What to produce> Output, word for word and without pictures, the lines from the one containing "Gola Black/White Mens" through the final line of the listing below.

Data>
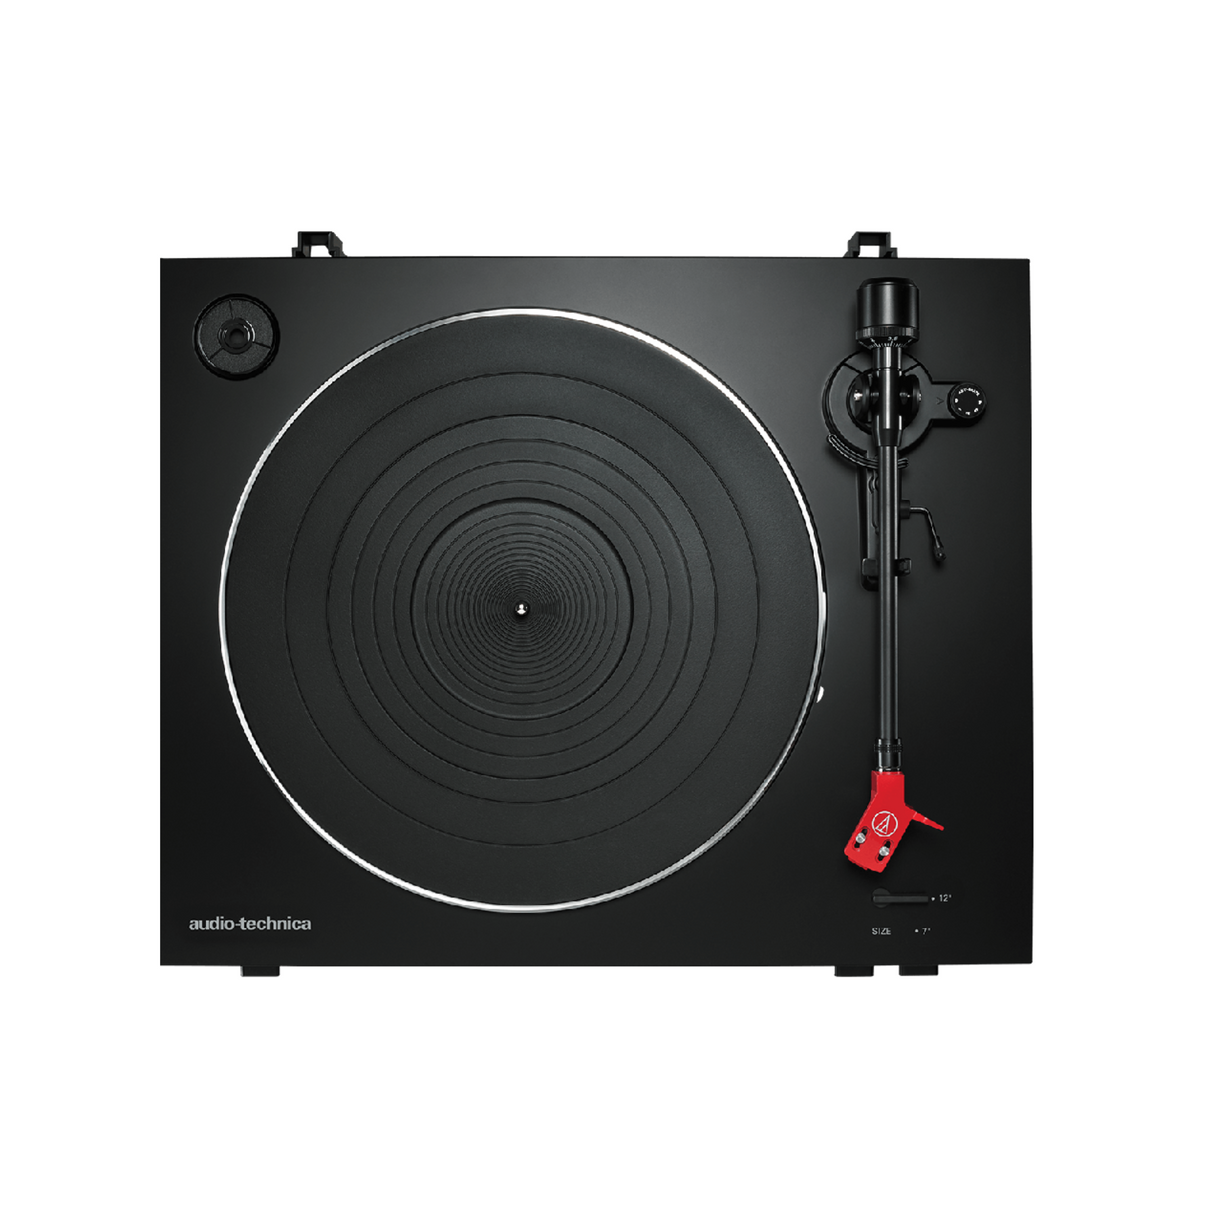 Audio Technica AT-LP3 Fully Automatic Belt-Drive Stereo Turntable
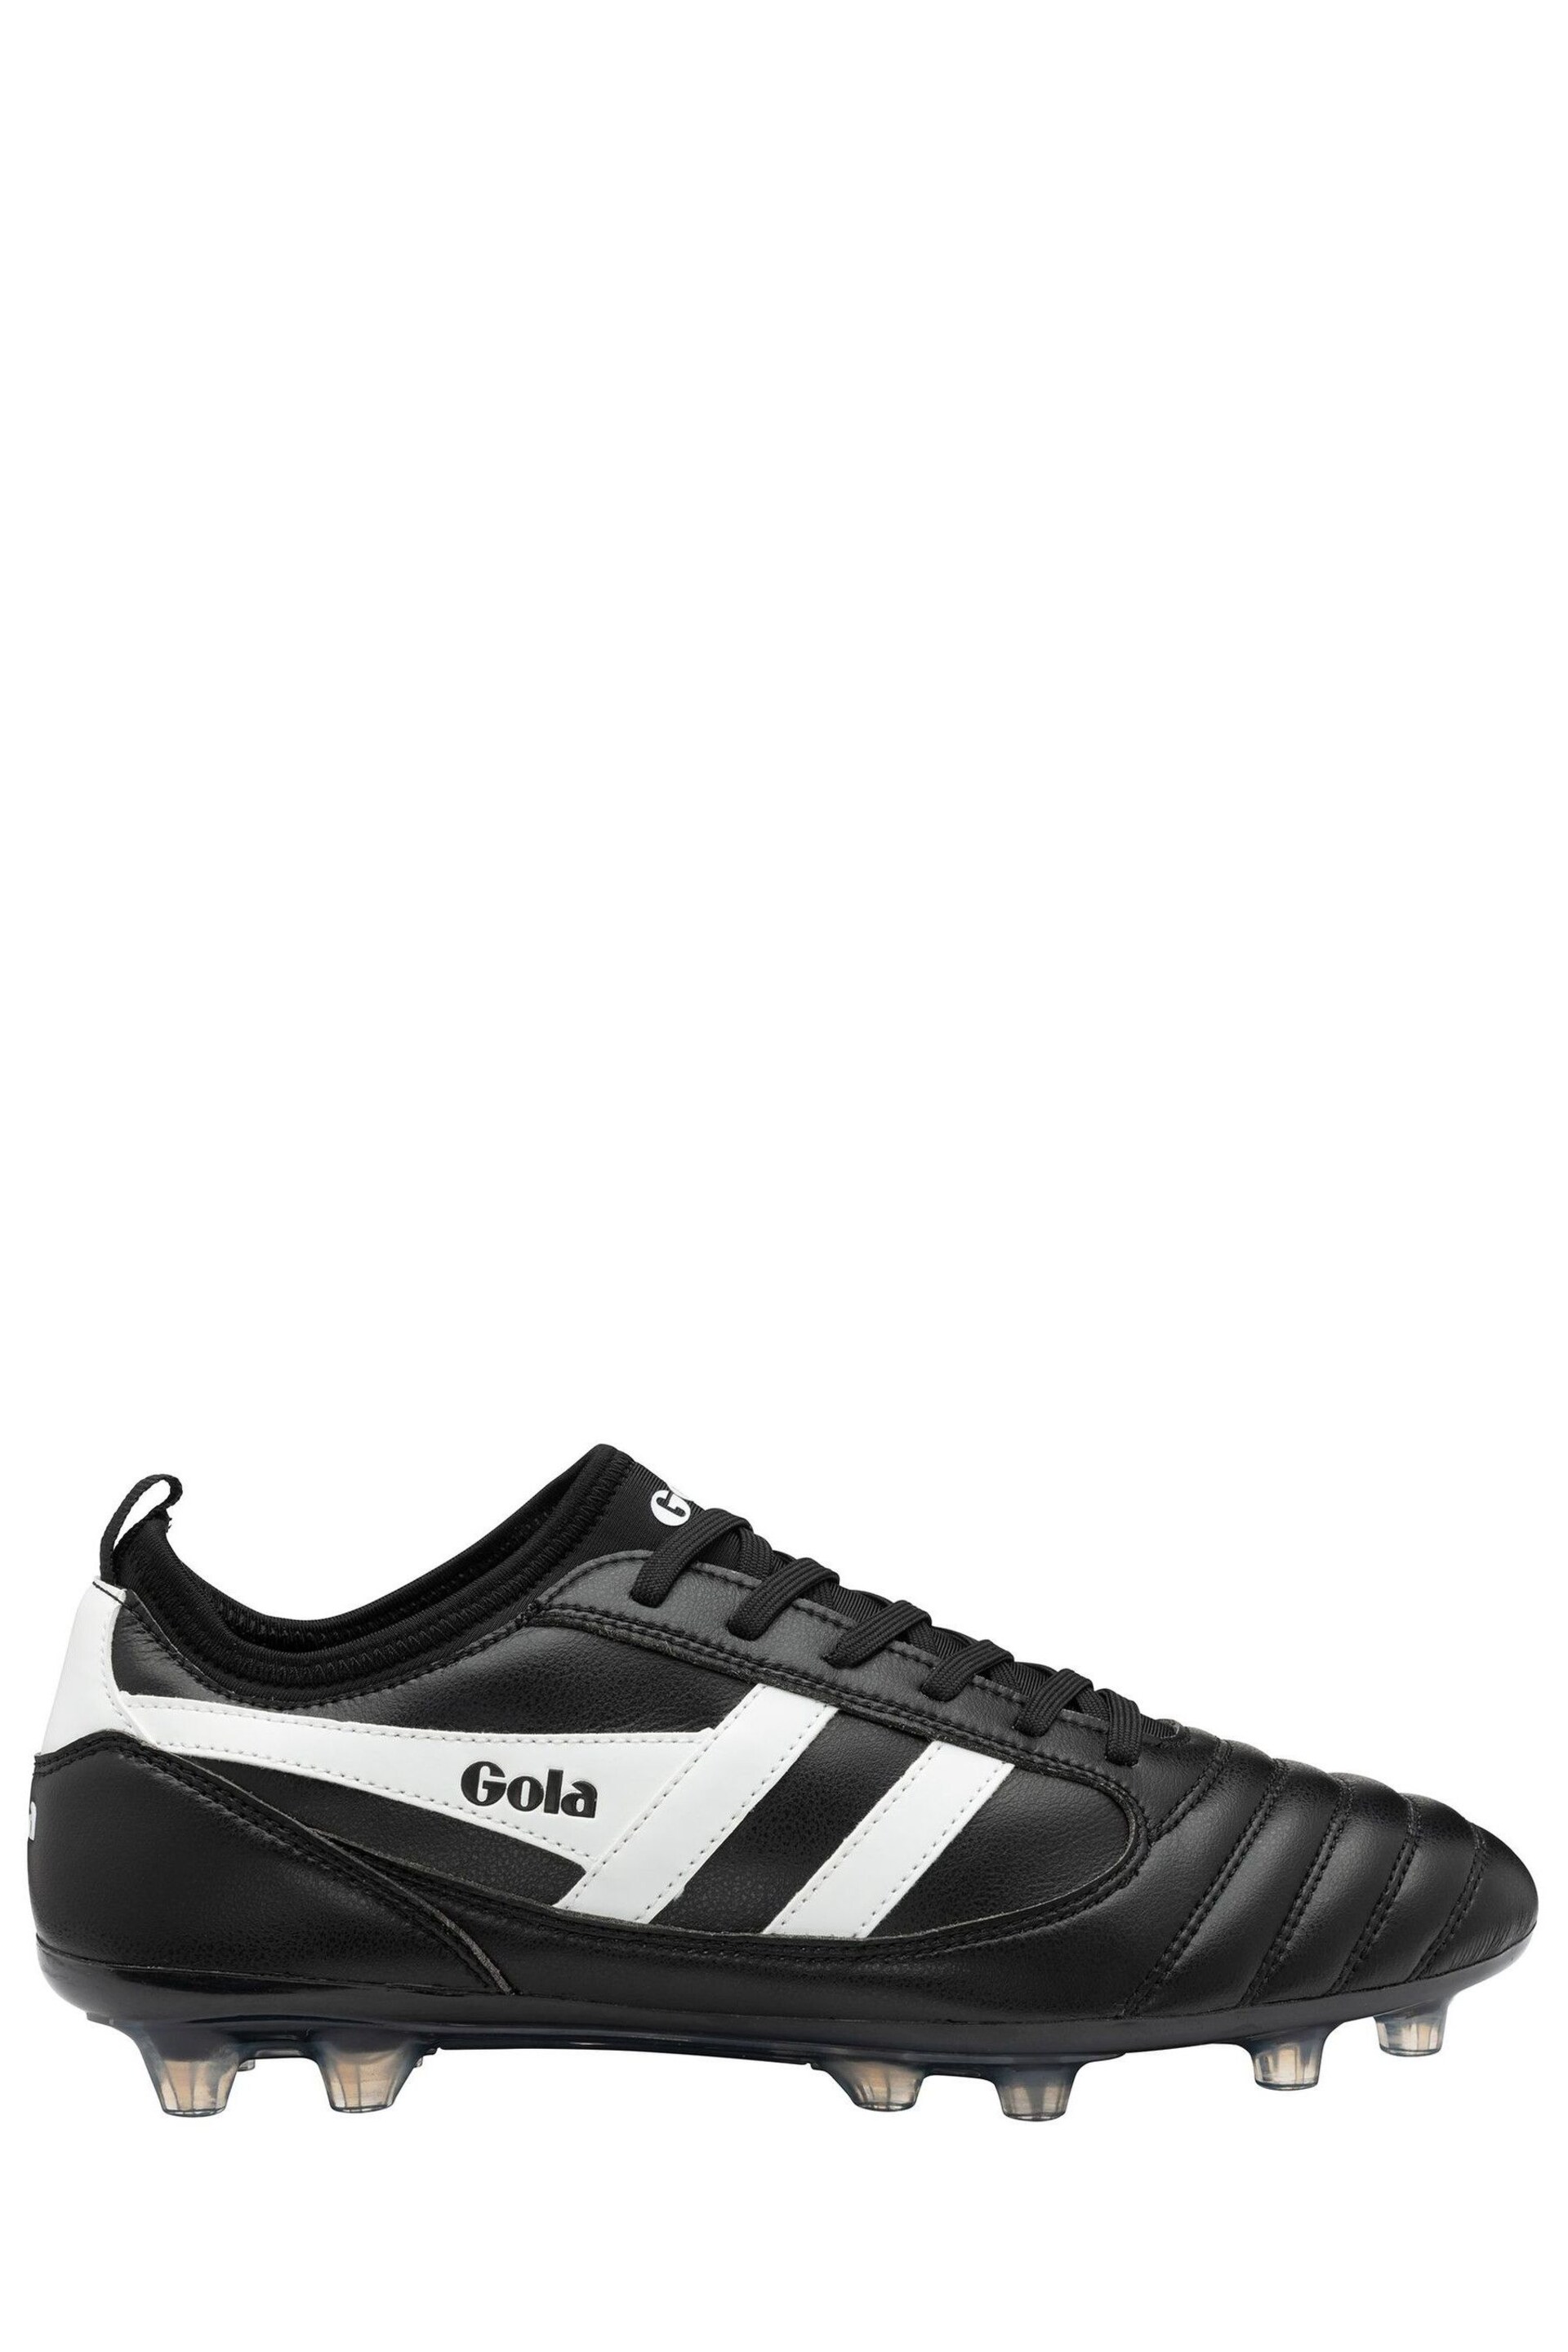 Gola Black/White Mens Ceptor MLD Pro Microfibre Lace-Up Football Boots - Image 1 of 5
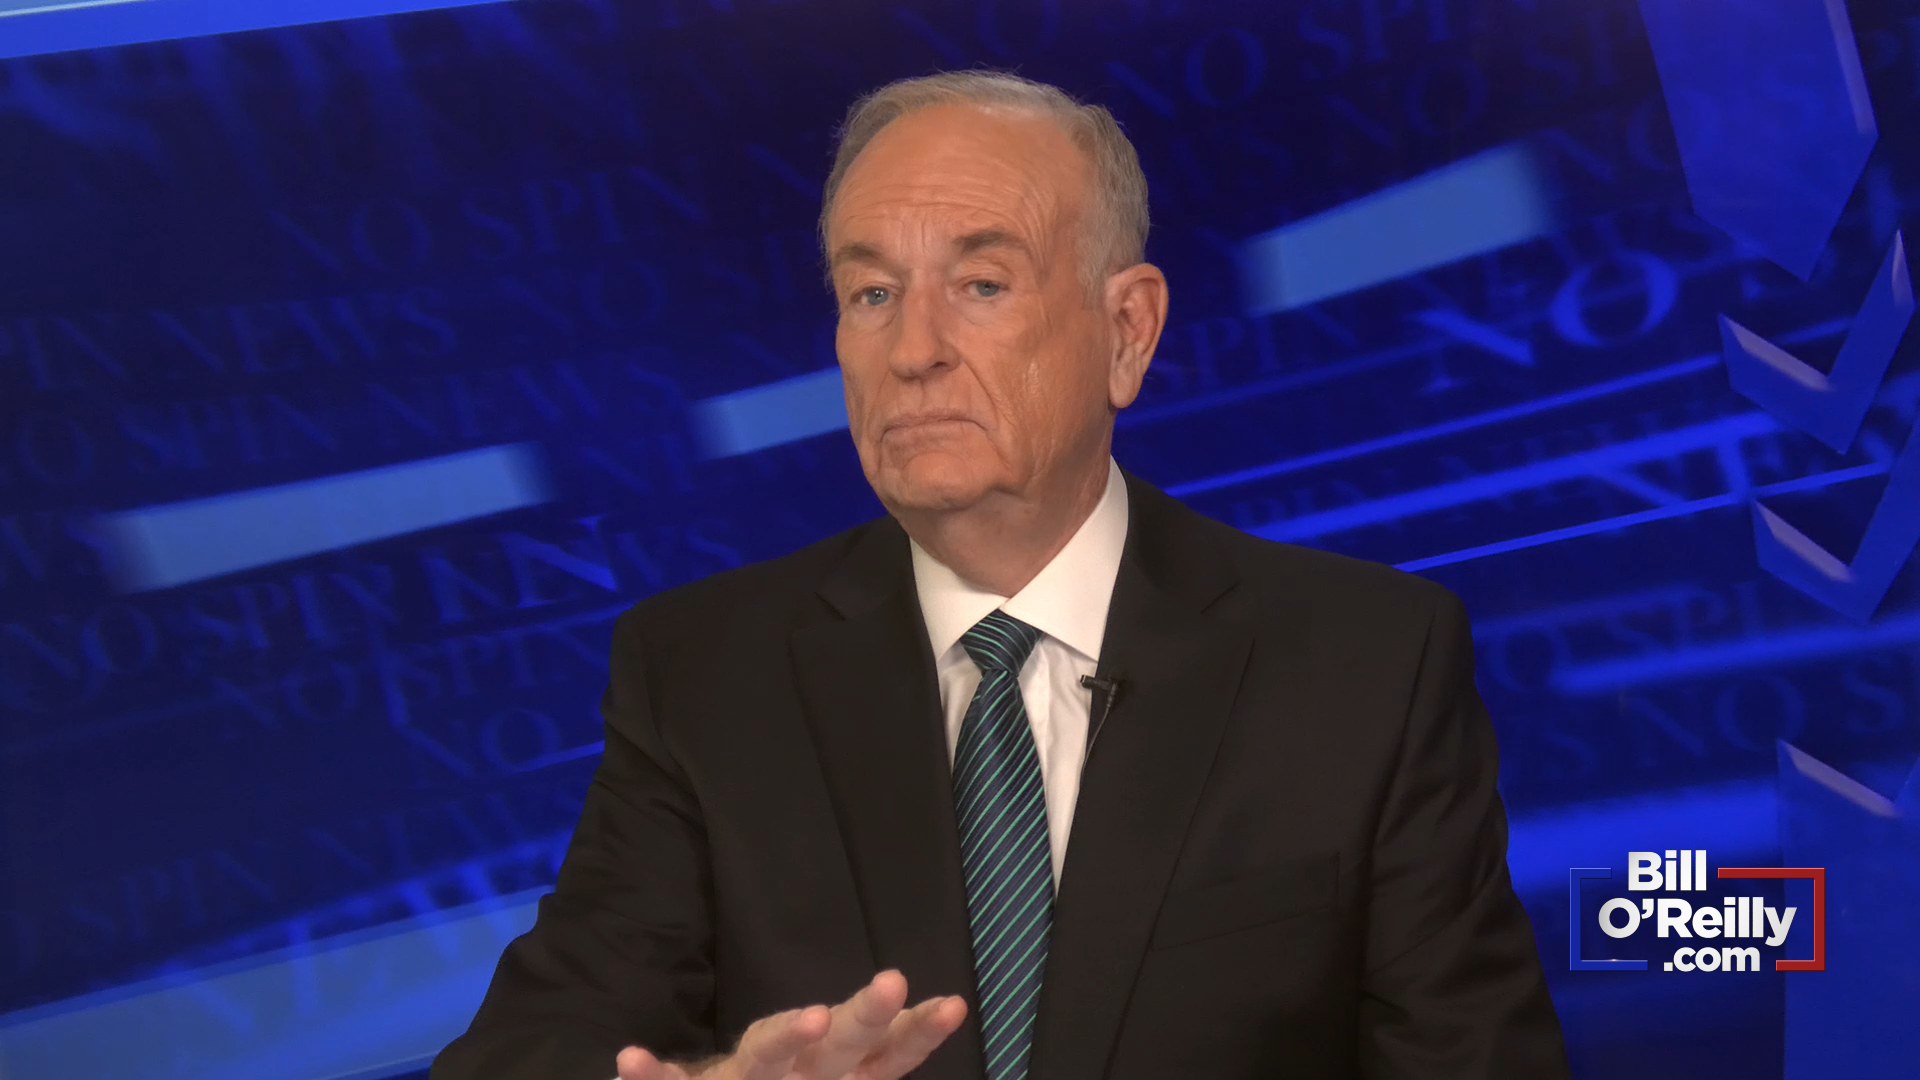 O'Reilly: 'The Progressive Movement is on the Skids'

Response to this exercise>
 Gola Black/White Mens Ceptor MLD Pro Microfibre Lace-Up Football Boots - Image 1 of 5
 O'Reilly: 'The Progressive Movement is on the Skids'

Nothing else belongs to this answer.